The approach combined genes sharing similar regulation in the respective omic dataset, as approximated by the group fold-change (GFC) pattern, with the postulate that genes grouped together cooperate in specific cellular processes. To define the underlying mechanisms, GO enrichment was performed on genes included in each of the modules, and representative biological terms for the most relevant clusters were reported in Figure 5C, Supplementary file 4. Some modules validated the information obtained through previous analyses (Figure 5—figure supplement 1E): both the orchid and light blue clusters suggested macroautophagy as a putative pathway accounting for the enhanced catabolism observed in HCT-15 cells (Chang and Zou, 2020). Consistently, the former RNA-seq-based module was downregulated at 6 hr in BxPC-3 but upregulated already after 6 hr with B in HCT-15, while the latter ATAC-seq-based module included peaks condensing after 6 hr only in BxPC-3, confirming the latter cell line as refractory to a rapid engagement of its protein catabolism apparatus. Another mostly RNA-seq-based module validating our previous approach was the maroon module, upregulated after 6 hr in BxPC-3, containing genes involved in ribosome biogenesis, BER, and apoptosis.
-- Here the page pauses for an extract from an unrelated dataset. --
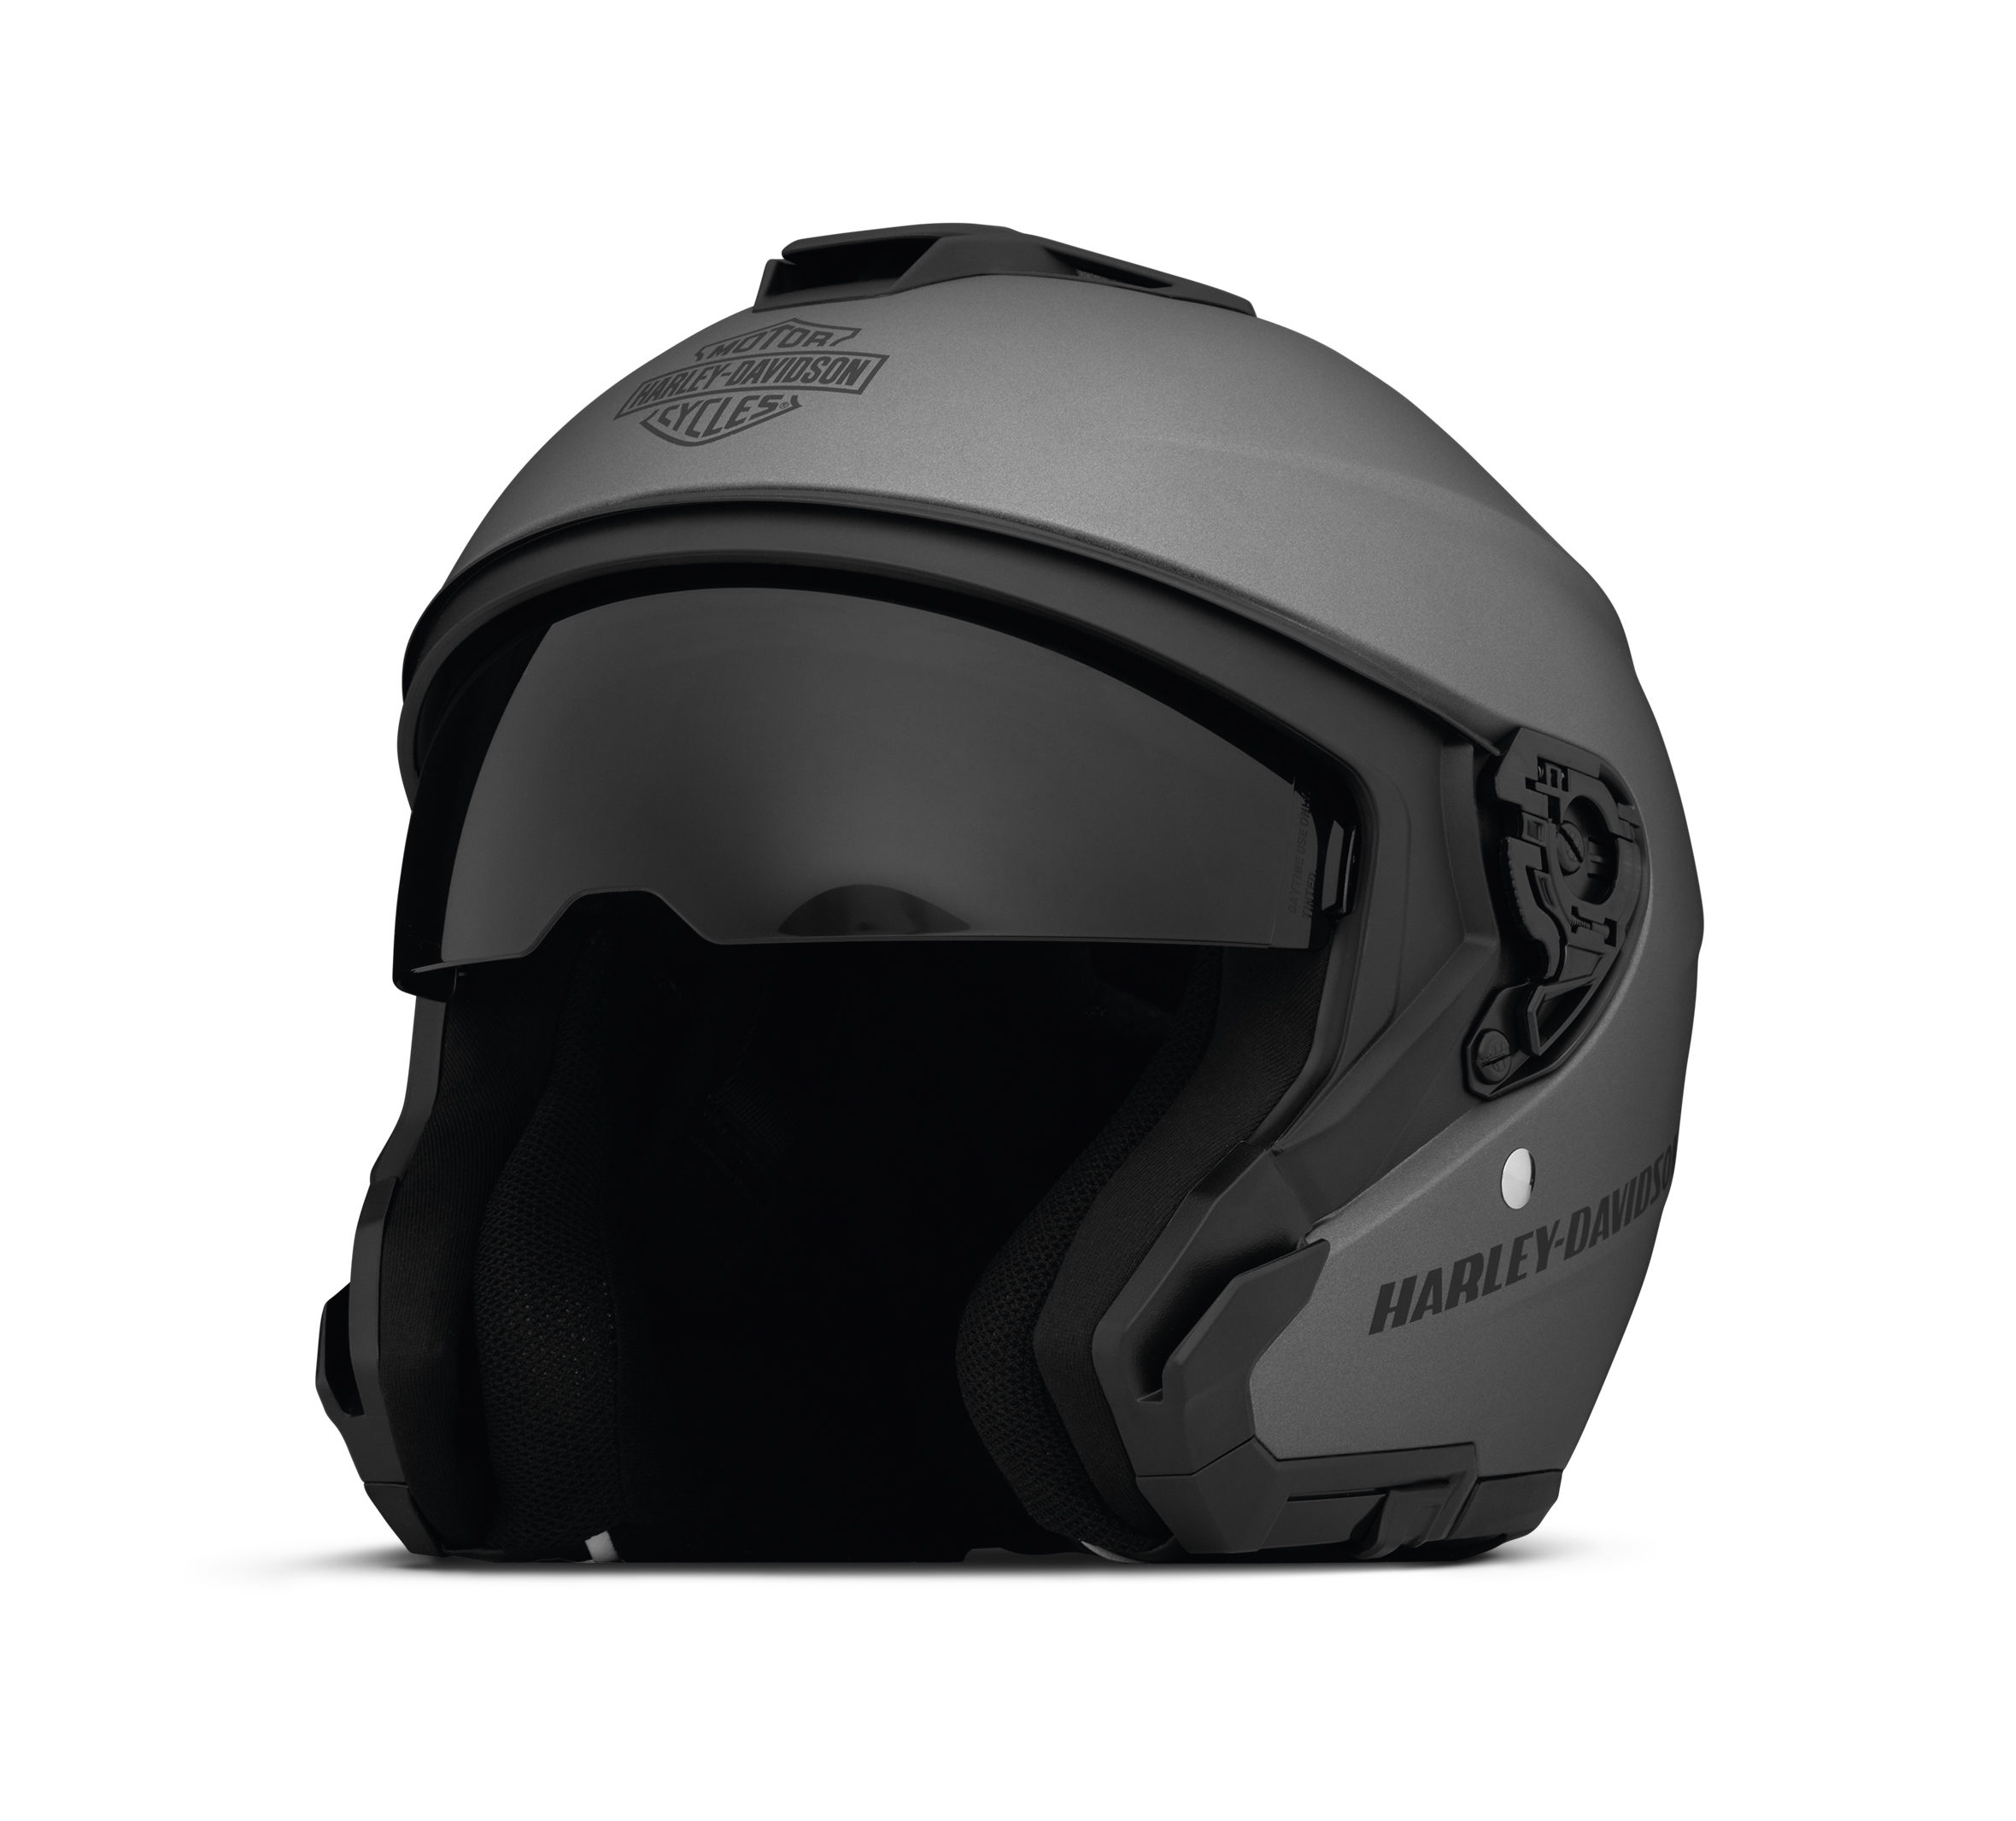 Accessories Hats & Caps Helmets Motorcycle Helmets White stripped BFR DOT Helmet open face

Furthermore, the dark green and dark gray ATAC modules, downregulated in BxPC-3 cells, include genes modulating redox metabolism and ER stress.

Other modules offered instead a new perspective on the reactions of the two cell lines: the dark orange RNA module includes genes downregulated in HCT-15 cells at 6 hr but upregulated in BxPC-3 responding to M. Interestingly, these hits belong to the Wnt signaling pathway, well-known for regulating ribosome biogenesis and cell growth, adding further information on our initial findings. In addition, the indian red module, upregulated in HCT-15 cells, points toward the tumorigenic JAK-STAT as an additional pathway modulating drug resistance (Brooks and Putoczki, 2020).

The crosswise integration also identified additional regulation, exemplified by the steelblue module. As approximated by the associated GFCs pattern, its 174 genes are positively modulated in HCT-15 cells especially after 6 hr of treatment (Figure 5D). Interestingly, functional enrichment identified hits both from RNA- and ATAC-seq involved in the tumorigenic epithelial-mesenchymal transition (Figure 5E), a mechanism regulating morphology and invasiveness of cancer cells (e.g. KBTBD8, Figure 5—figure supplement 1F, from the RNA-seq layer) (Brabletz et al., 2018). Other module genes belonged to TGF β signaling (e.g. FURIN and CREB1; Figure 5E), a pathway identified already from the pairwise approach and involved in cancer drug resistance (Brunen et al., 2013). In addition, the module included genes of recombinational DNA repair belonging to both omic layers, which is in line with our initial findings (e.g. AUNIP; Figure 5E and Figure 5—figure supplement 1F).

Overall, the crosswise integration of RNA- and ATAC-seq data allowed an efficient combination of the functional information from the two omics layers. Clearly, the whole integration added further biology to what we had identified when analyzing transcriptional and chromatin landscape regulation individually.

Perturbation-informed basal signatures efficiently predict sensitivity to candidate drugs

The information derived from the crosswise integration was employed to construct a signature of sensitivity to 3-CePs. Being more potent, M was selected as reference to describe a sensitivity prediction framework based on the use of a perturbation-informed omic signature (Figure 6A, Figure 6—figure supplement 1A, Methods).

Figure 6 with 2 supplements see all
Perturbation-informed basal signatures efficiently predict sensitivity to our candidate drugs.

(A) Overview of the applied workflow for the sensitivity signature construction and associated drug susceptibility prediction. (B) M sensitivity signature genes (red = signature up and blue = signature down) pinpointed from all differential expression (DE) genes in the BxPC-3 vs HCT-15 baseline comparison. (C) Pearson correlation between predicted sensitivity score and viability decrease in a subset of human protein atlas (HPA) (cell atlas) cell lines (validation set). (D) Sensitivity scores predicted from gene set variation analysis (GSVA) enrichment of our up and down signatures in RNA-seq profiles of TCGA tumor samples. Median values for all sample scores and within each tumor type are reported. (E) Overview of the applied workflow for the LASSO-based ML setup. (F) Predictive outcome of the trained model (Pearson correlation R and RMSE (root-mean-square error) are reported). (G) Pearson correlation between predicted cisplatin sensitivity score and IC50 in a subset of HPA (cell atlas) cell lines (validation set). (H) Cisplatin sensitivity scores predicted from GSVA enrichment of our up and down signatures in RNA-seq profiles of TCGA tumor samples. Median values for all sample scores and within each tumor type are reported.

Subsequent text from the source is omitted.